Task prompt » Only the pictures are to be dropped; return all other data below exactly.

Supplied information »
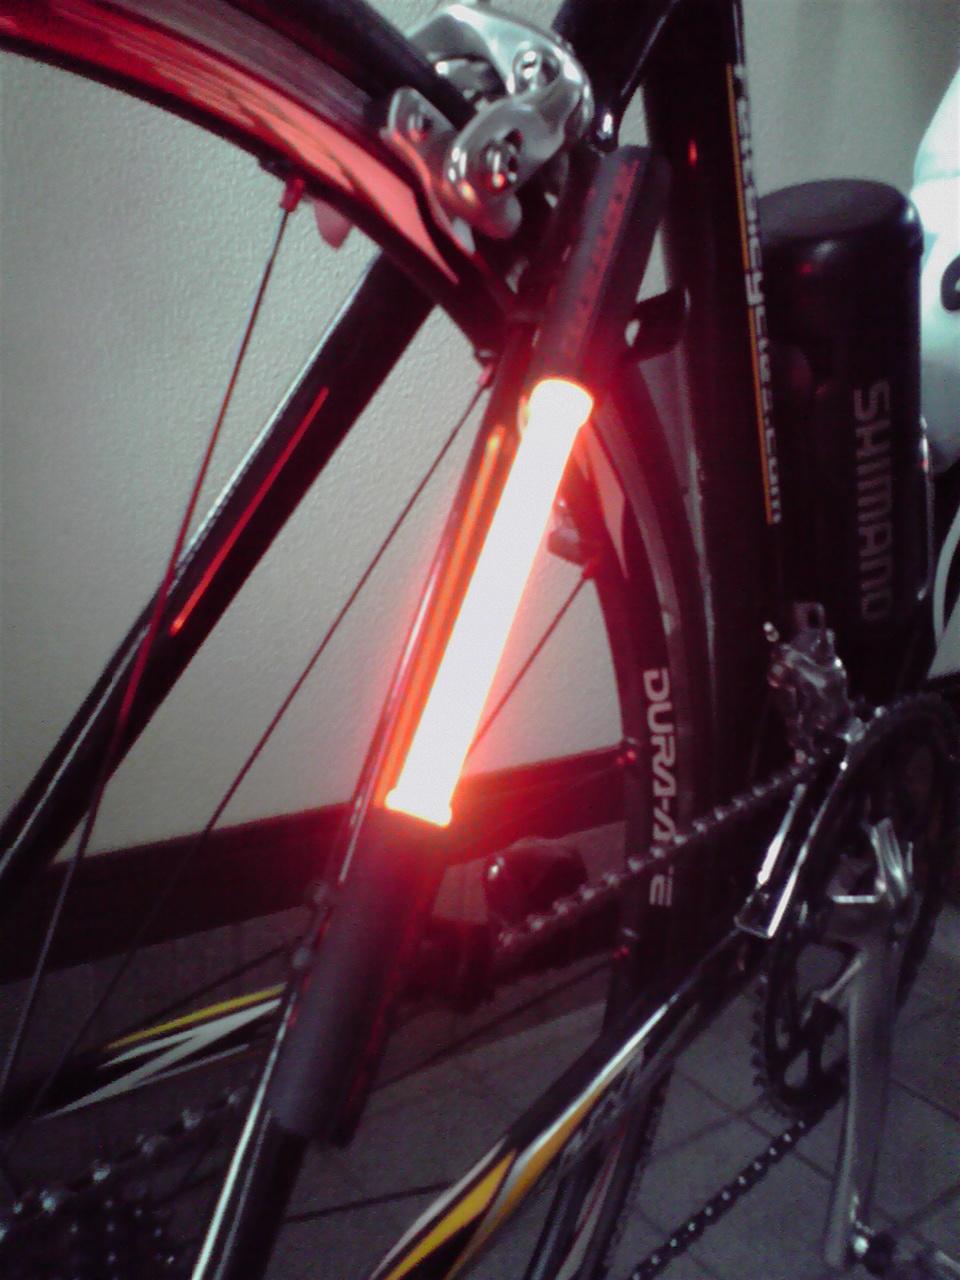 ... 自転車〜緩いのぼりを重いギア
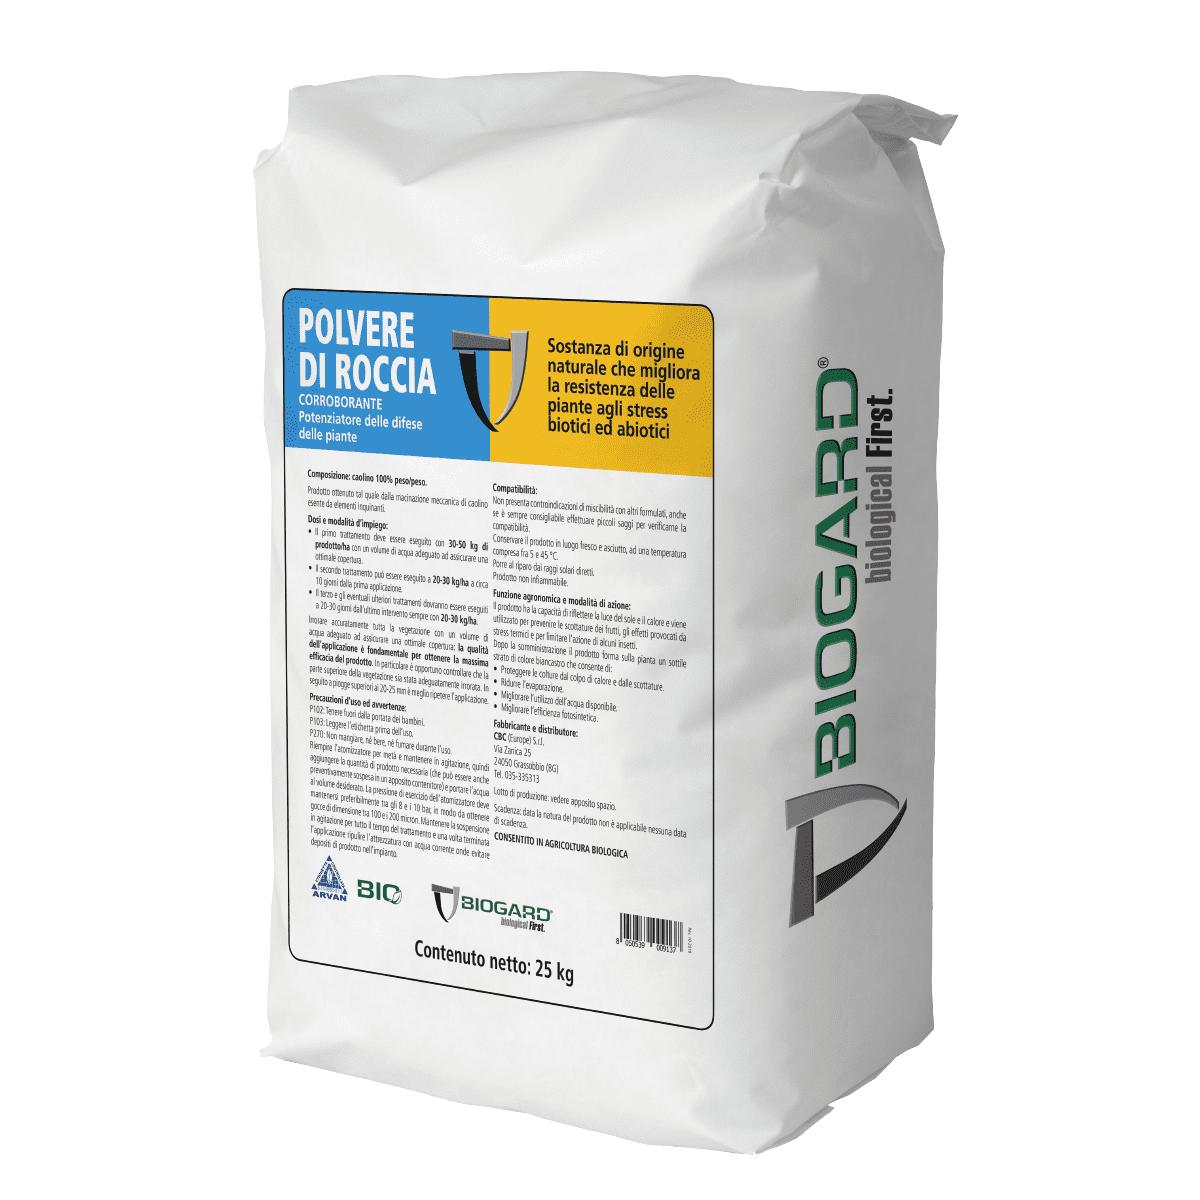 Biogard - Polvere di roccia
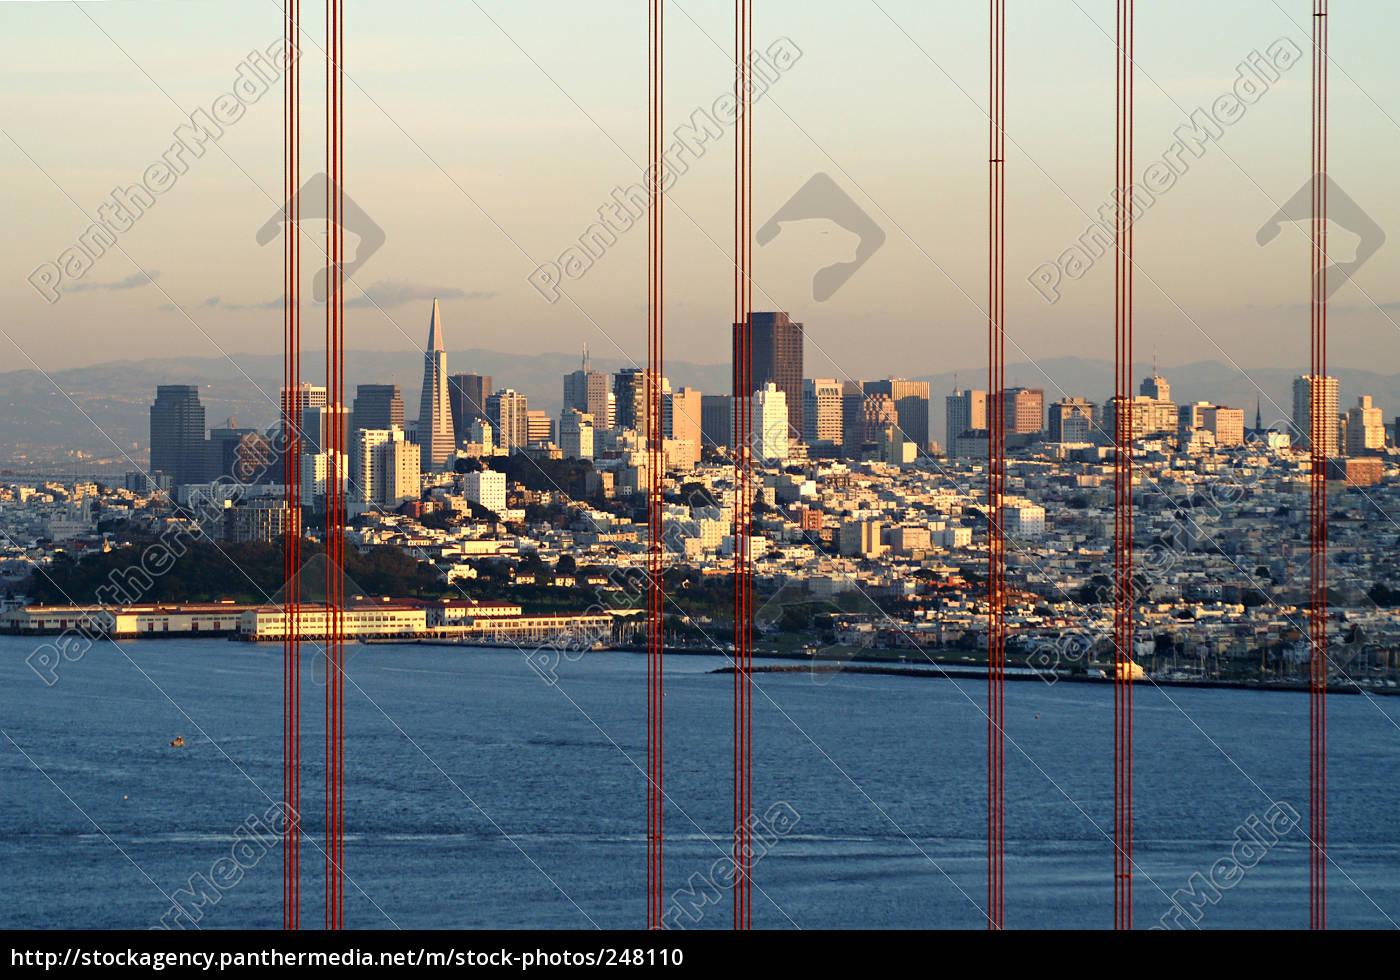 behind, bars - 248110

Solution for this task »
 ... 自転車〜緩いのぼりを重いギア
 Biogard - Polvere di roccia
 behind, bars - 248110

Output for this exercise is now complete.